Adventure, Risk, Transformation - A Memoir

Annapurna Range, Nepal

Friday
Feb272015

Omar's Book Club

Omar turned a page and read to his book club.

They were among the lost and looking tribe.

They were figments of someone’s imagination, caricatures of wild inventions in abstract designs spinning webs from the center. They laughed at everything with cosmic perspective.

Through laughter they regained their sense of delight inside the mystery.

Someone somewhere rang a bell. Noon’s mechanical hands said hello. Calibrated craftsmen hands read luminous dials. The facade of a Catholic church on a Spanish hill in a pueblo contained fissures and cracks in its foundation.

Long spider tentacles streamed from the base into dusty shadows where birds rested from flights of fancy along Roman walls covered in soft green moss. The church bells were old hollow iron shells with a broken clapper. Rusting heavy metal shreds in weeds weighed down wet script reading ‘O come all ye faithful’ in Sanskrit next to a book of poems written on Leaves of Grass by Walt Whitman.
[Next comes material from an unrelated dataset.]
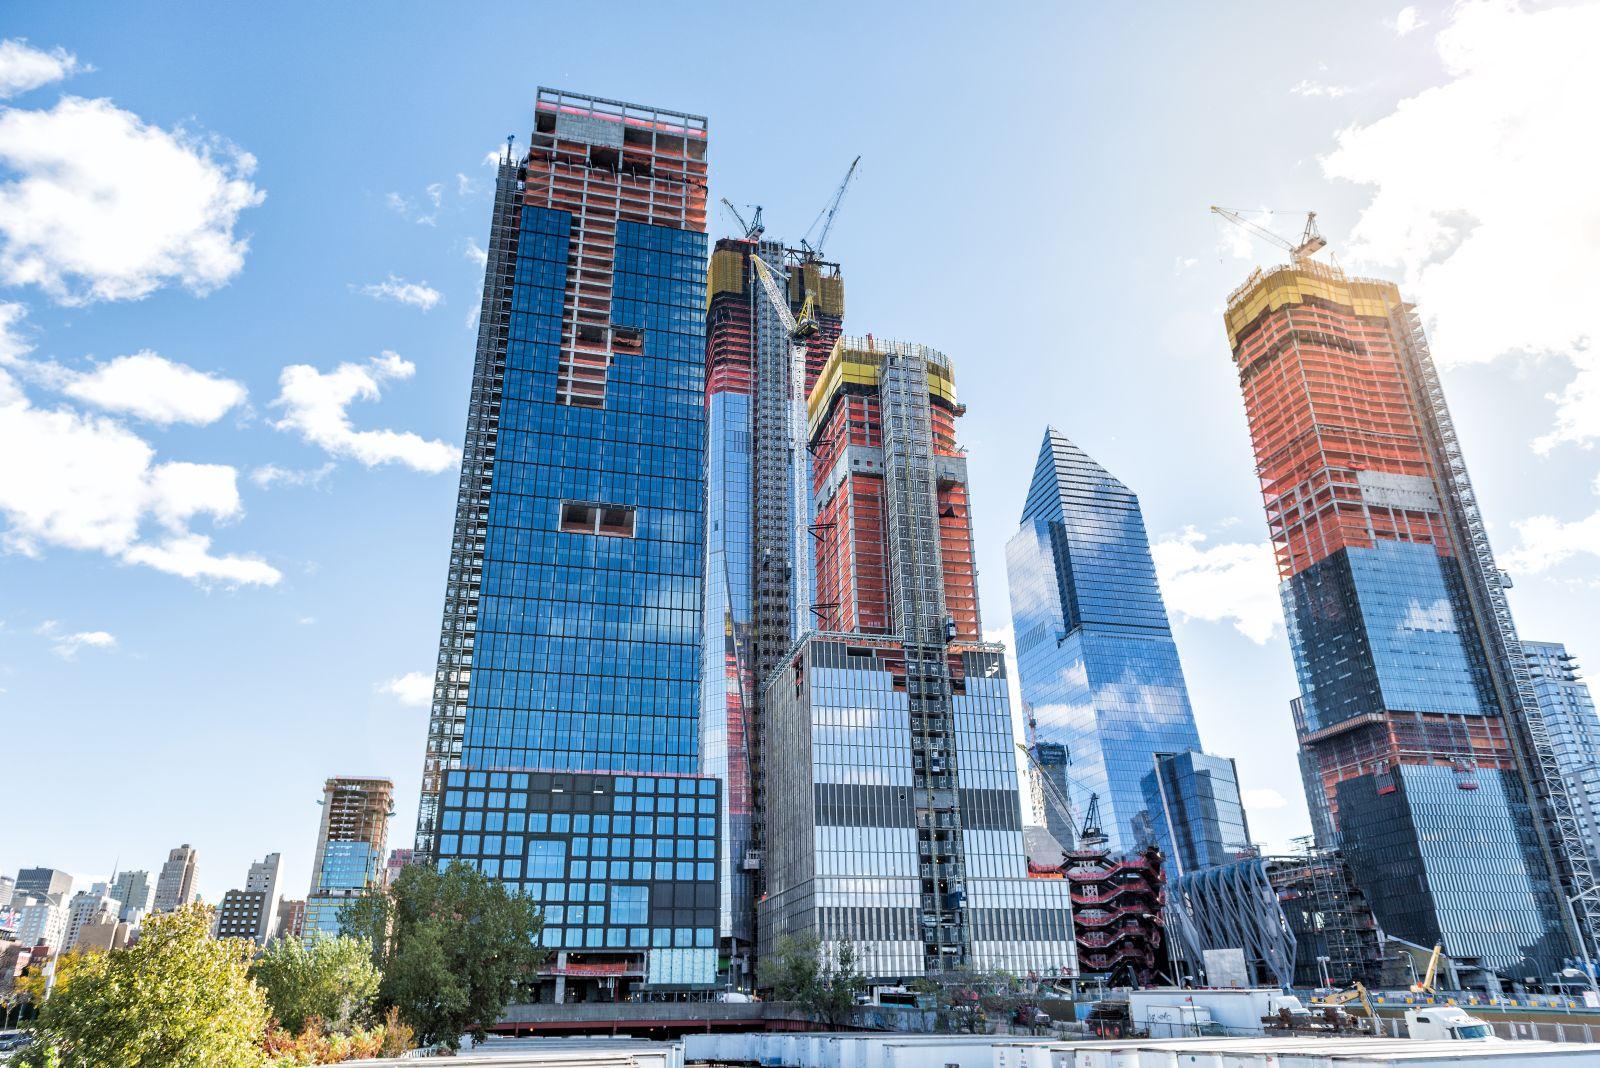 Seit dem 15. März hat New York ein neues Stadtviertel. Es ist ein Stadtviertel für die Reichen und Schönen mit teuren Luxuswohnungen und edlen Geschäften.

Blood flowed down white walls soaking green stems in brown soil feeding roots beneath the surface. Roots had no shadows, below the surface of human awareness.

Their expectations were Southwest desert creation myths.

A young Anasazi girl shared her wind note vision.

My name is Kokopelli the humpbacked flute player. I am 1,000 years old. My image is found on petroglyphs or rock carvings and also on rock paintings or pictographs in kivas, on ceramics and woven baskets. The ancient ones, the Anasazi, regard me as a symbol of fertility, a roving minstrel or trader. People also call me the rainmaker, a hunting magician, trickster and seducer of maidens.

In the Pueblo myths my hump carries seeds, babies and blankets to maidens. I wander along the upper Rio Grande between villages carrying seeds and bags of songs on my back. Because I represent fertility I am welcomed during the corn- planting season and sought by barren women and avoided by maidens. If you listen well, you will hear my flute music echoing through canyons playing traditional songs.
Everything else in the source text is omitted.